| Provided data |

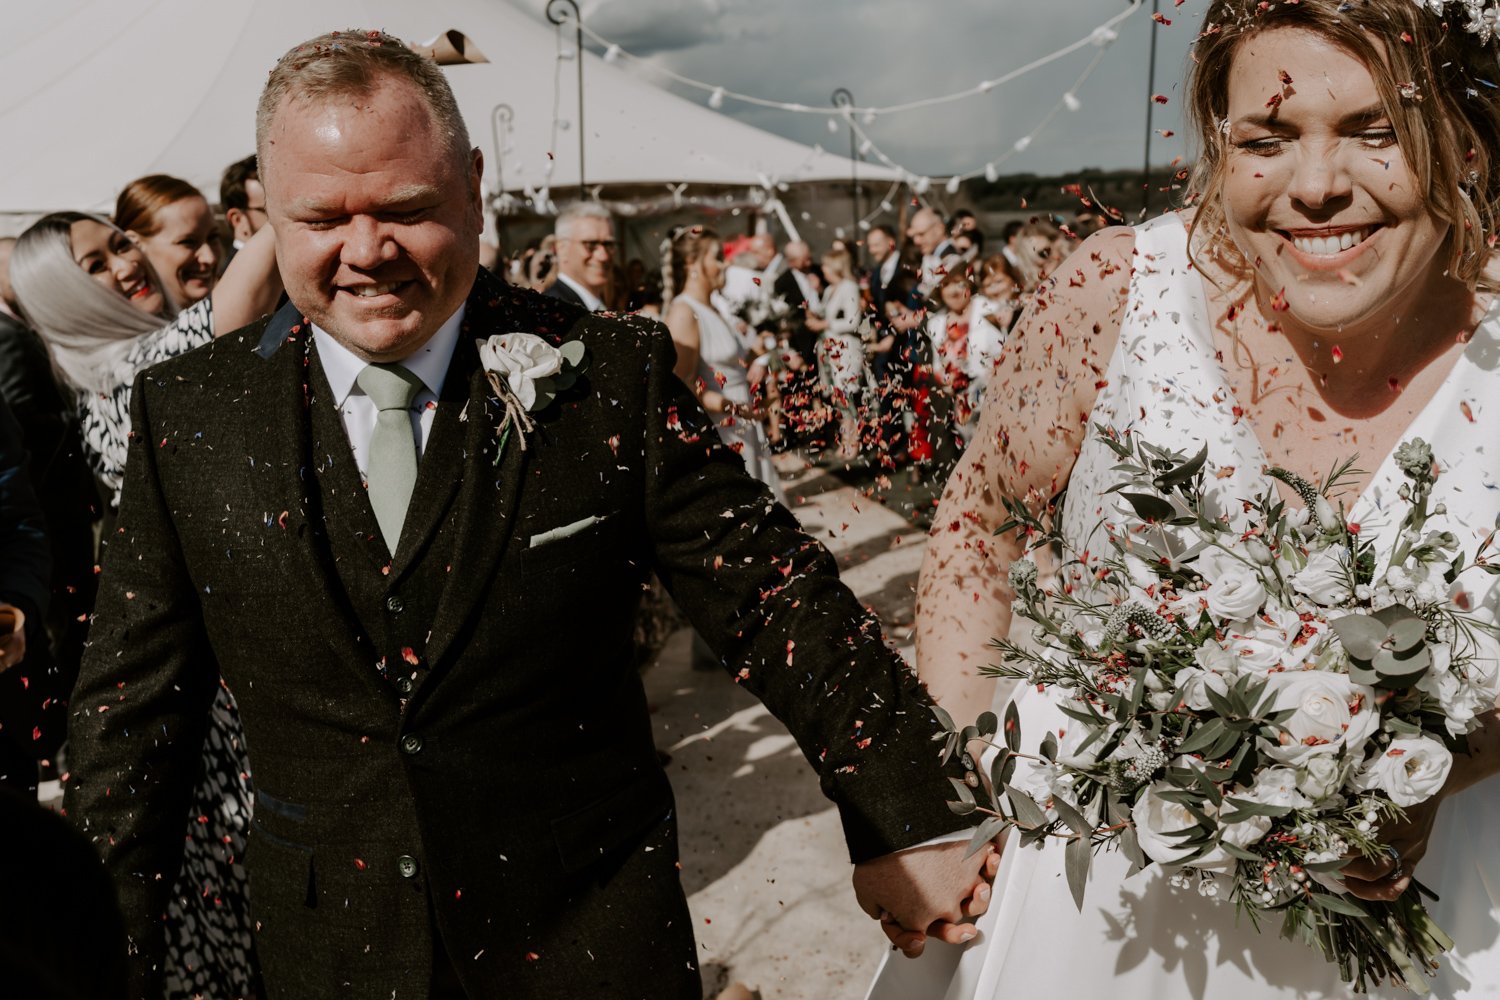 wedding confetti thrown bride groom Halfmoon Farm wedding Hambleton
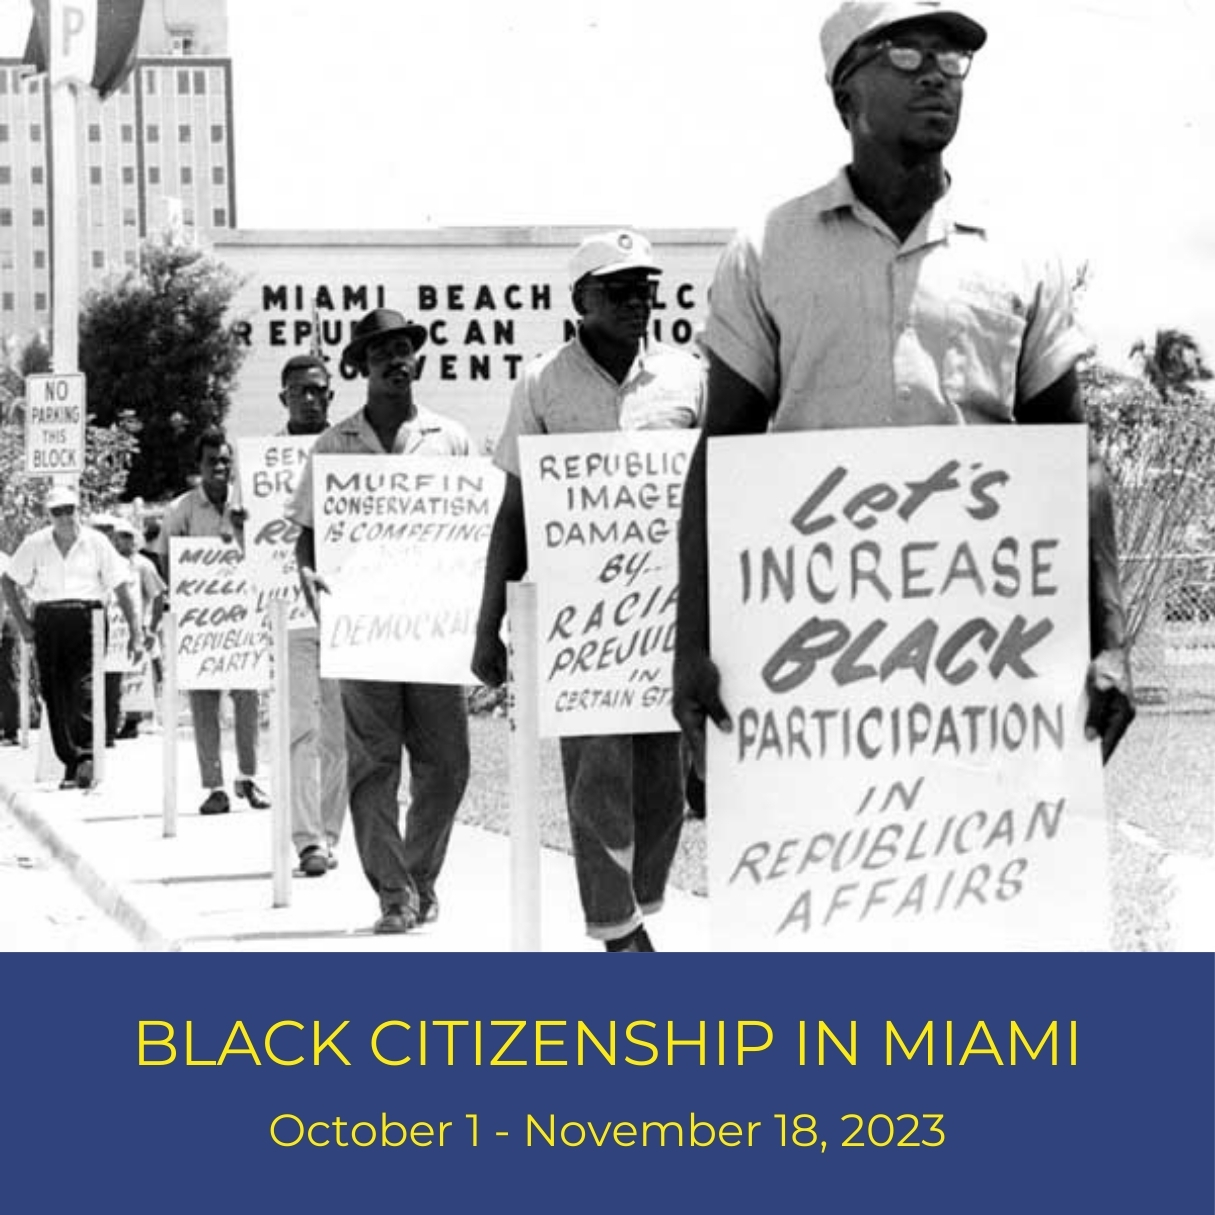 Black Citizenship in Miami title card
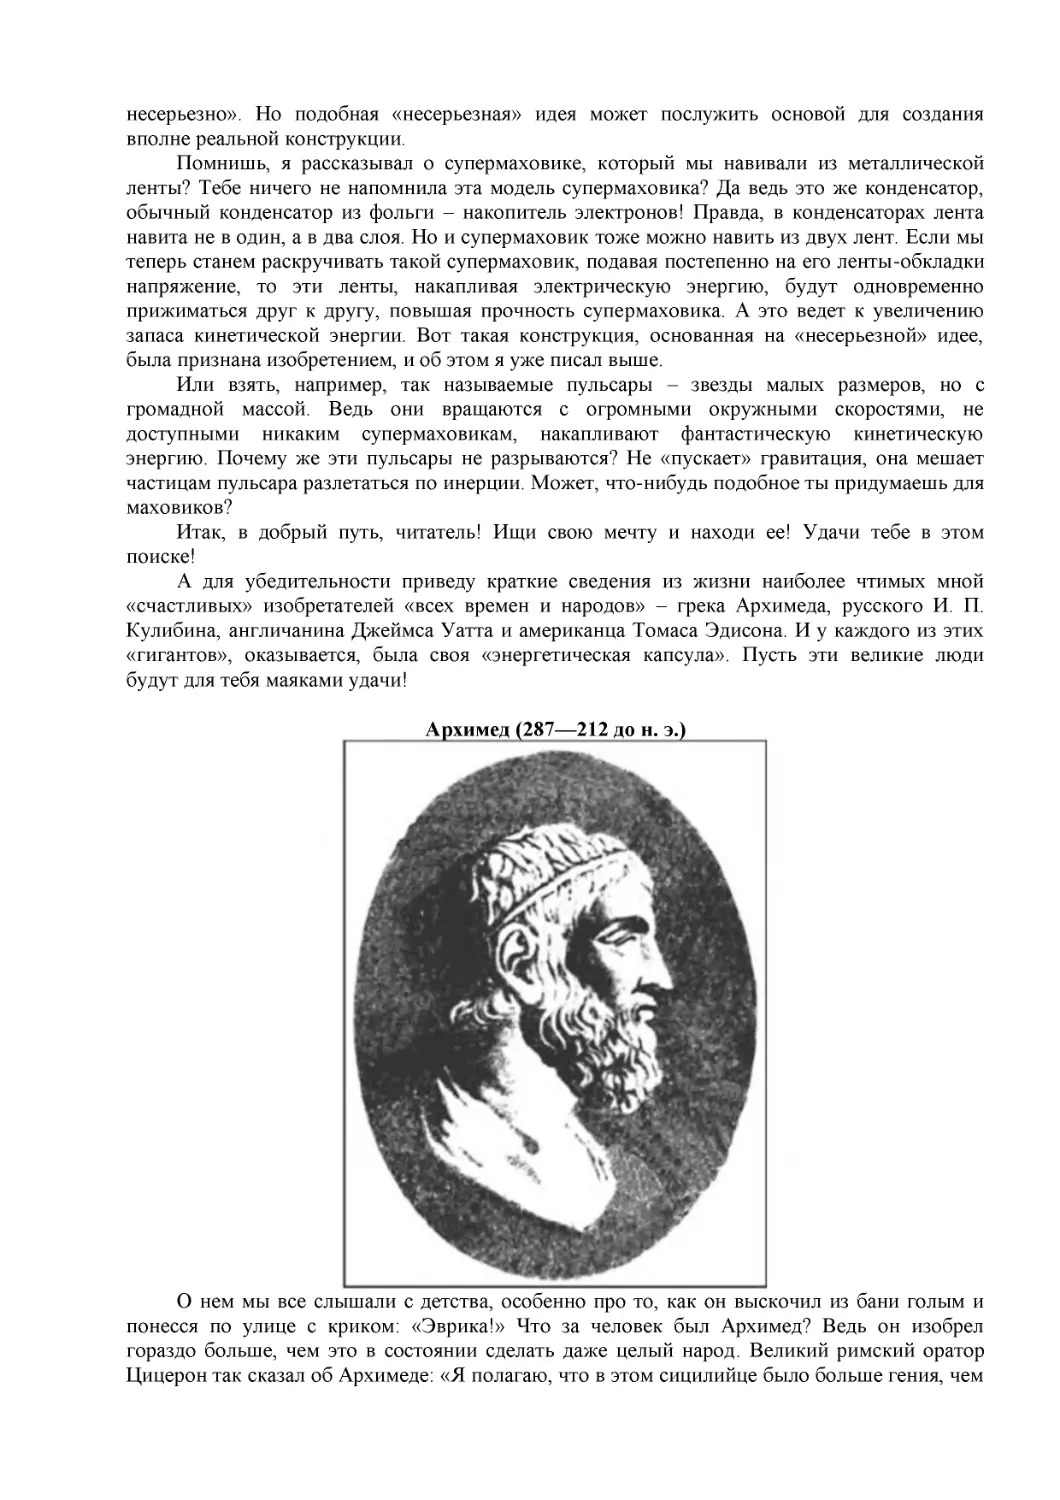 Архимед (287—212 до н. э.)
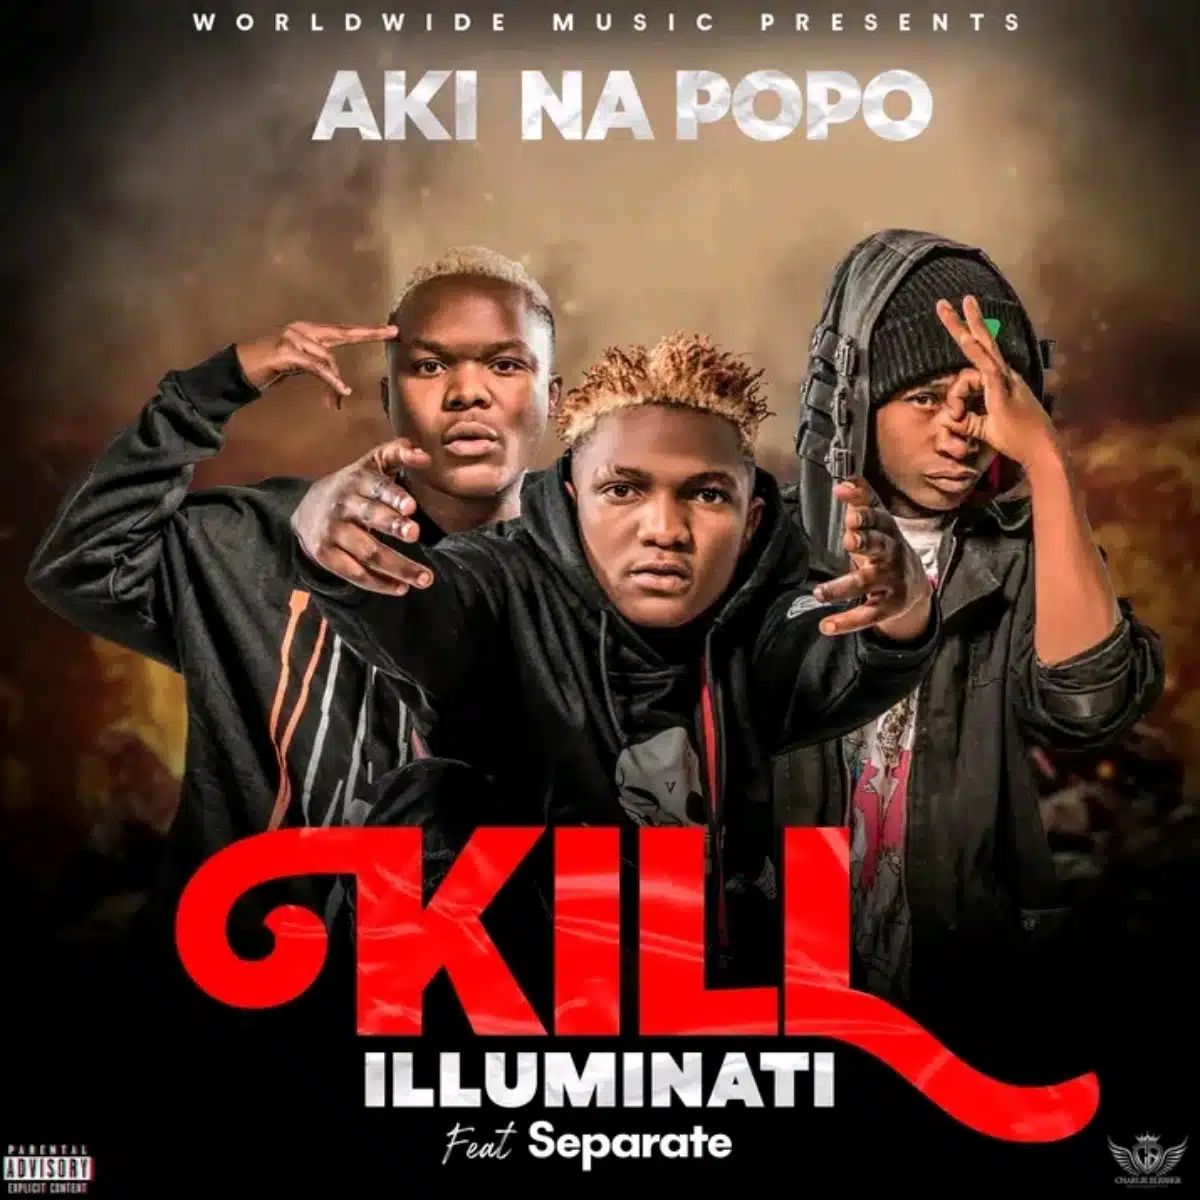 DOWNLOAD: Aki Na Popo Ft Separate – “Kill illuminati” Mp3

| What to work on |
Go through the listing above and quote it exactly, apart from its images.

| Answer to the problem |
 wedding confetti thrown bride groom Halfmoon Farm wedding Hambleton
 Black Citizenship in Miami title card
 Архимед (287—212 до н. э.)
 DOWNLOAD: Aki Na Popo Ft Separate – “Kill illuminati” Mp3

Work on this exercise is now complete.